For the third objective, we summarized the distribution of reported reasons for participation and non-participation. Due to the small sample size, participants who selected “other” as a reason for participation (e.g., citing low burden) were excluded from the analysis. To adjust for potential confounding and enhance interpretability, we conducted multivariable analyses to examine associations of sociodemographic characteristics with participation, adherence, and reasons for participation or nonparticipation. Modified Poisson regression models were used to estimate prevalence ratios (PRs) and their 95% confidence intervals (CIs) [26]. In these models, participation, adherence, and reasons for participation or nonparticipation were treated as dependent variables, while age (20–39, 40–59, 60–79 years), gender (men or women), and residential population size (< 100000; 100000–299999; ≥ 300000) were simultaneously included as independent variables. Statistical significance was set at P < 0.05. All analyses were conducted using R version 4.4.2 (R Foundation for Statistical Computing, Vienna, Austria).
Results
Response and adherence rate to the survey
The participant selection flow is presented in Fig 1. Of the 650 individuals invited, 129 (19.8%) could not be reached because no one was at home or they appeared to be intentionally unavailable. Among the remaining individuals, 260 (40.0%) declined participation, reporting inconvenience or being too busy; 43 (6.6%) cited difficulty wearing the accelerometer, and 13 (2.0%) cited difficulty completing the questionnaire. Ultimately, 205 individuals completed both the accelerometer protocol and the questionnaire, yielding a response rate of 31.5%. Finally, 189 participants met the valid wear-time criteria (≥ 4 days, including at least one weekend day), with an adherence rate of 29.1%.

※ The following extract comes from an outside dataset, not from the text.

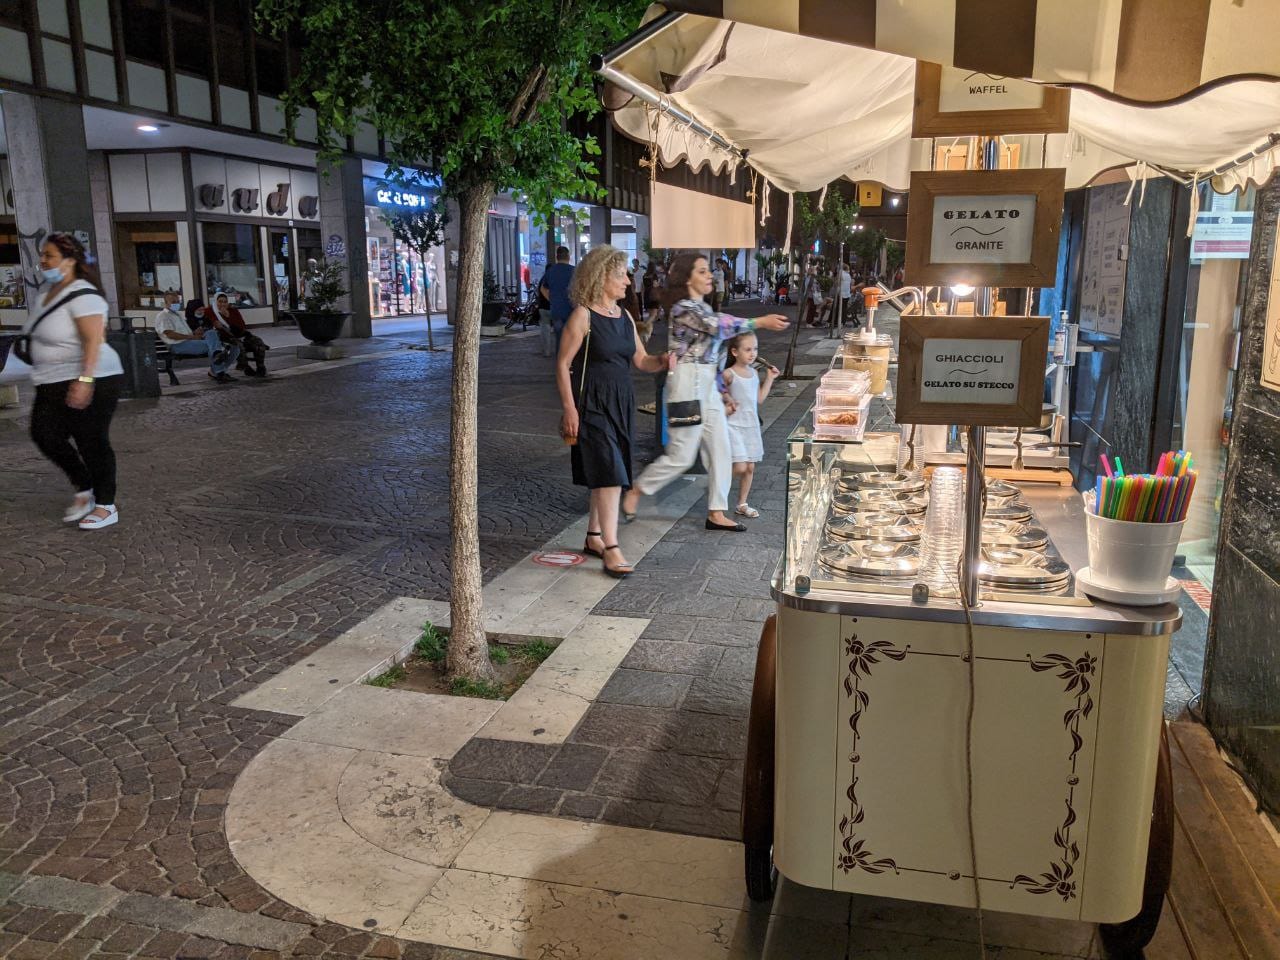 Negozi aperti la sera a Saronno: il giovedì inizia a ingranare

Characteristics of the study participants
Table 1 presents the characteristics of invited, participating, and adherent individuals, with comparisons to the 2020 Japanese Population Census. Among adherent participants, the mean (SD) age was 53.0 (14.0) years; 49.2% were women, 83.5% were working (including part-time and self-employed individuals), and 57.6% had a college degree or higher. Compared to census respondents, participants in this study were older (53.0 vs. 49.5 years), more frequently employed (83.5% vs. 57.4%), and less likely to live alone (14.3% vs. 21.8%). No substantial differences were observed in gender or educational attainment. Multivariable analysis supported these patterns: older individuals (aged 60–79 years) were more likely to participate (PR = 1.79, 95% CI = 1.30–2.46 for 40–59 years; PR = 1.44, 95% CI = 1.01–2.05 for 60–79 years) and to meet the valid wear-time criteria (PR = 2.00, 95% CI = 1.41–2.86 for 40–59 years; PR = 1.65, 95% CI = 1.12–2.42 for 60–79 years), compared to younger individuals (S3 Table).

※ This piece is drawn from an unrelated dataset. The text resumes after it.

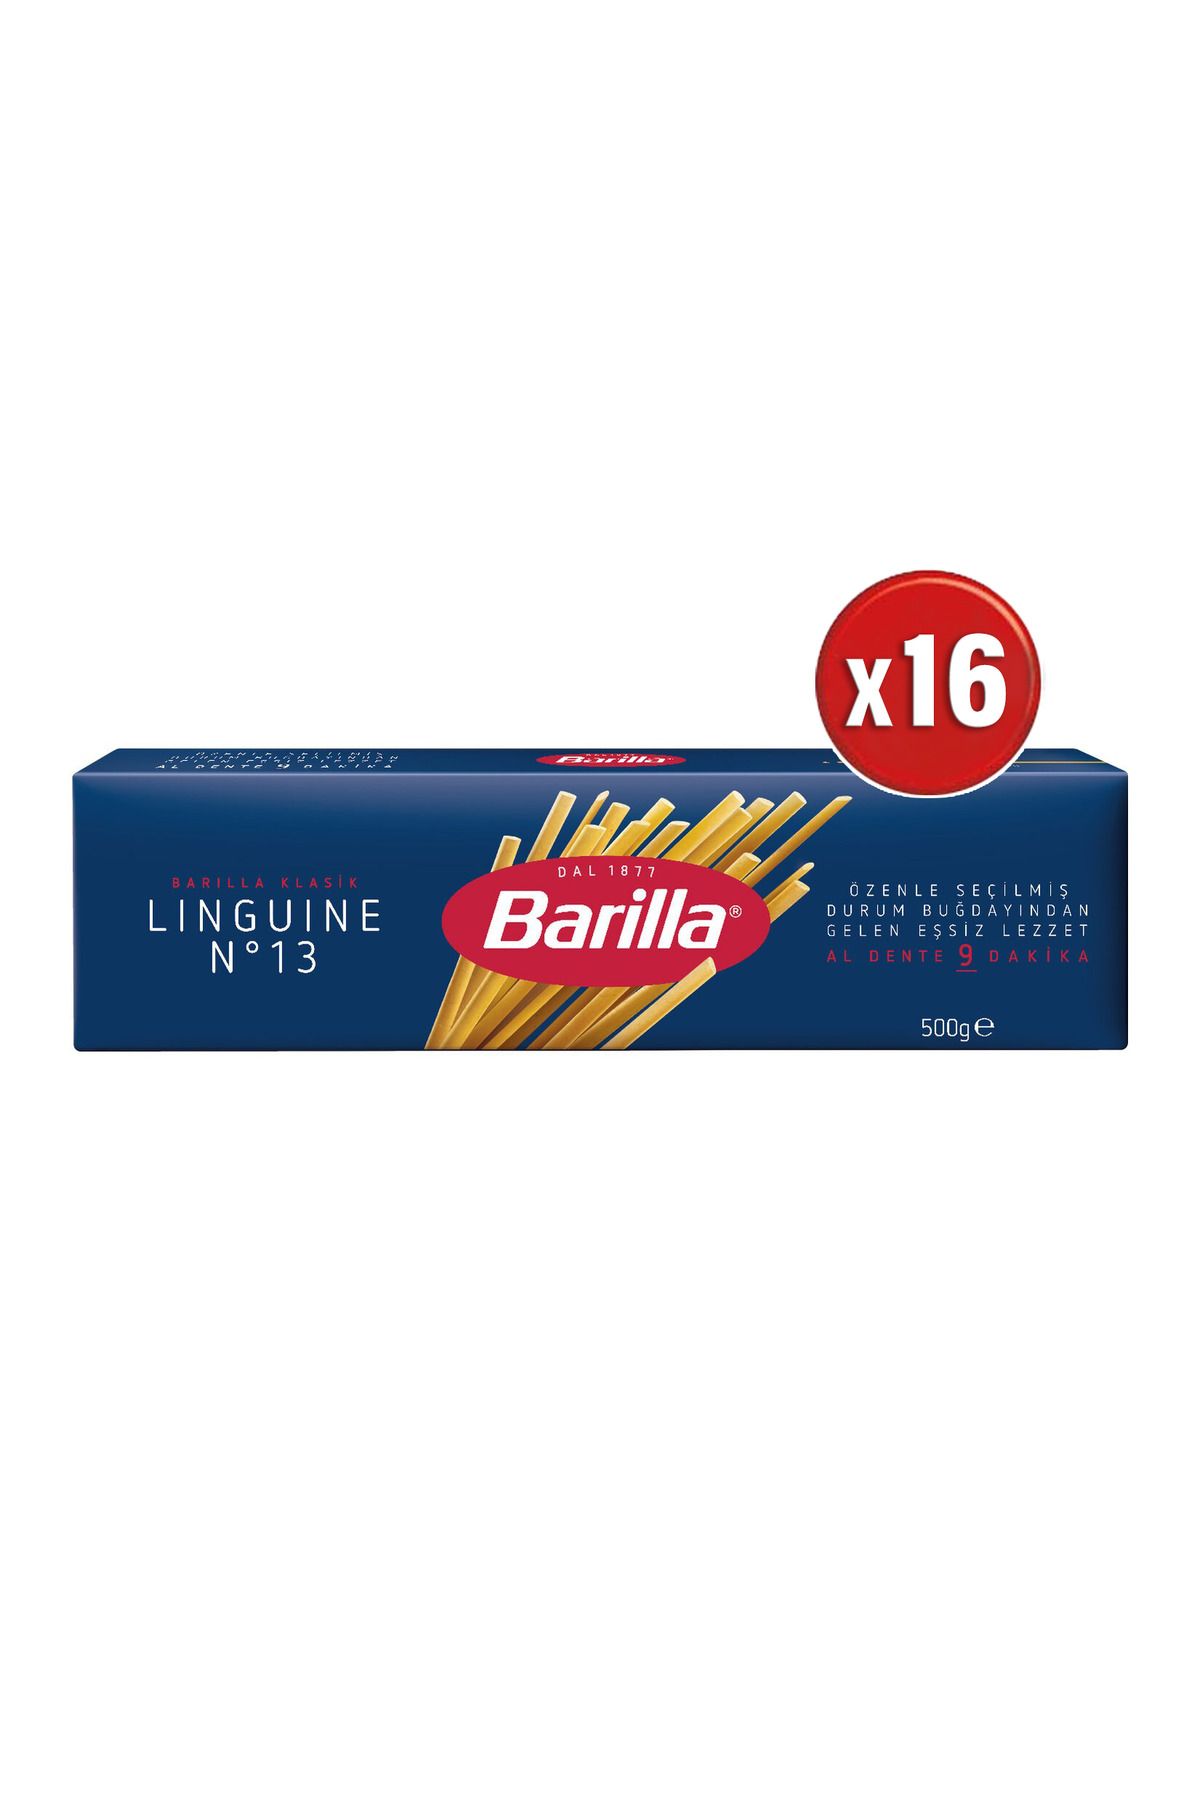 Barilla Linguine (Yassı) Spagetti Makarna No.13 500 G x 16 adet (1 koli)

Descriptive statistics for accelerometer-measured PA and SB are presented in Fig 2 and S4 Table. The median (range) values were 7 days (4–14) for valid wear days, 529.9 minutes/day (135.5–900.9) for SB, and 6925 steps/day (1299–18853) for step count. The proportion of participants meeting the PA guidelines set by Japan’s Ministry of Health, Labour and Welfare was 50.3%. When expressed as a proportion of wear time, younger adults (20–64 years) spent more time in MVPA than older adults (≥ 65 years) (6.2% vs. 5.5%), whereas time spent in SB (57.4% vs. 57.9%) and LPA (36.0% vs. 37.1%) was comparable between age groups. Men spent more time in SB (60.9% vs. 52.3%) and less in LPA (32.2% vs. 41.0%) compared to women. Given the absence of comparable national reference data, comparisons of PA distributions with nationally representative surveys were not possible.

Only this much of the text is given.